"I'll start when I'm earning more." It's the most common reason Irish people in their 20s give for not having a pension — and it's usually a disguised version of "retirement is too far away to feel real."
The numbers make the case better than the argument. Here's what compound interest actually does over a 40-year horizon, and why the first decade of contributions is disproportionately powerful.
The Core Maths — Two Investors
Take two people, both earning €40,000 at age 25 and working to age 66. Both contribute €200/month to a pension (€2,400/year) growing at 5% annually in real terms. The only difference is when they start.
| Starts at 25 | Starts at 35 | |
|---|---|---|
| Years contributing | 41 | 31 |
| Total personal contributions | €98,400 | €74,400 |
| Fund at 66 (5% growth) | ~€303,000 | ~€171,000 |
| Difference | ~€132,000 — from 10 extra years and €24,000 more contributions | |
The person who started at 25 contributed €24,000 more over their career. They ended up with €132,000 more. That extra €132,000 came overwhelmingly from the compounding of the first decade's contributions — money invested in your mid-20s has 40 years to grow.
The same €200/month invested at 25 is worth approximately twice as much at retirement as the same €200/month invested at 35. The first €1 you put in at age 25 has 41 years to compound; the first €1 at 35 has 31 years. That 10-year difference, at 5% compounding, multiplies the value of early contributions by a factor of roughly 1.6.
The Tax Relief You're Leaving Behind
Irish pension tax relief makes the 20s argument even stronger. Revenue allows contributions of up to 15% of earnings with full income tax relief for under-30s. On a €40,000 salary at the 20% tax rate:
- You contribute €200/month (€2,400/year)
- Tax relief means the net cost to you is €160/month (€1,920/year) — Revenue pays the other €480
- If your employer matches contributions, even at a modest 5% match, you're getting an additional €167/month into the fund
The employer match is effectively a pay rise you're turning down if you don't participate. A 5% employer match on a €40,000 salary is €2,000/year — money that goes into your pension whether you contribute or not, as long as you're contributing. Not taking it is leaving €2,000 of annual compensation on the table.

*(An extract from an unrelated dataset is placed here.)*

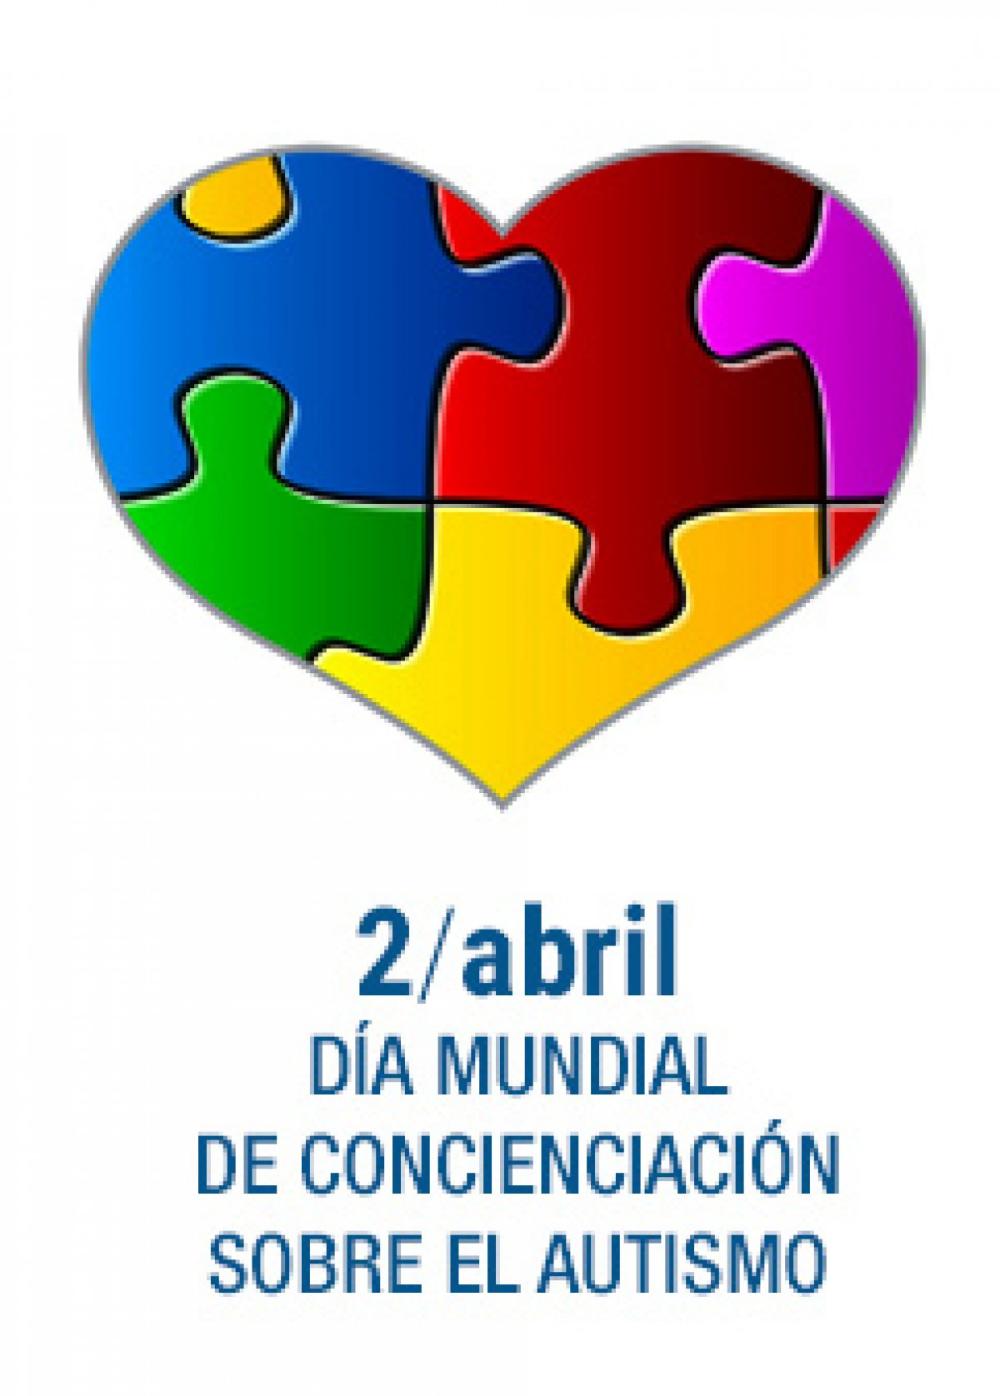 Día Del Autismo 2 Abril

My Future Fund — Does That Count?
If you were auto-enrolled in My Future Fund in 2026, you already have something. Phase 1 contributions (3.5% total from you, employer, and State) on a €40,000 salary amount to about €1,400/year into the fund. That's a start but it's not enough on its own.
The case for a supplemental PRSA alongside My Future Fund is stronger for people in their 20s who want to take full advantage of the Revenue tax relief their age band allows. My Future Fund maxes out at 6% of your own contributions (Phase 4, from 2035); Revenue allows up to 15% of earnings with full relief for under-30s. The gap between those two numbers is worth filling.
The "But I Have a Mortgage to Save For" Objection
This is a real tension and there's no right answer that works for everyone. A few things worth factoring in:
- The Help to Buy scheme (for first-time buyers of new builds) and the First Home Scheme both have income tax bases — your gross salary determines what you qualify for. Pension contributions reduce your taxable income but not your gross salary, so they don't affect HTB eligibility calculations the same way.
- You don't have to choose between saving for a mortgage and starting a pension. Even €50/month started at 25 is better than €0 — and the behavioural habit of saving into a pension is easier to build at 25 than at 40.
- Most Irish mortgage lenders treat pension contributions positively in affordability assessments — they're evidence of financial discipline, not a liability.
What "Starting Small" Actually Looks Like
You don't need to contribute 15% of your salary from day one. Revenue's age bands give you room to grow into higher contribution rates. Starting small and increasing contributions as salary rises is a completely valid strategy.
| Monthly contribution | Annual cost at 20% tax relief | Annual cost at 40% tax relief | Fund at 66 (5% growth, starting at 25) |
|---|---|---|---|
| €100/month | €960/year | €720/year | ~€152,000 |
| €200/month | €1,920/year | €1,440/year | ~€303,000 |
| €400/month | €3,840/year | €2,880/year | ~€606,000 |
The €100/month row is achievable for almost any full-time Irish worker in their mid-20s. At 20% tax relief, the after-tax cost is €80/month — less than a gym membership and two restaurant meals. The outcome after 41 years of compounding is €152,000 in today's money — on top of whatever State Pension you're entitled to.
The One Thing to Do Today
If your employer runs a pension scheme and you're not enrolled: enrol. Even if you contribute the minimum. The employer match alone makes it worthwhile, and you can increase contributions later. If your employer doesn't run a scheme, open a PRSA — any of the five major providers (Irish Life, Aviva, Zurich, Standard Life, New Ireland) will process an application online in under 30 minutes. Start at a contribution level you can sustain, not the maximum.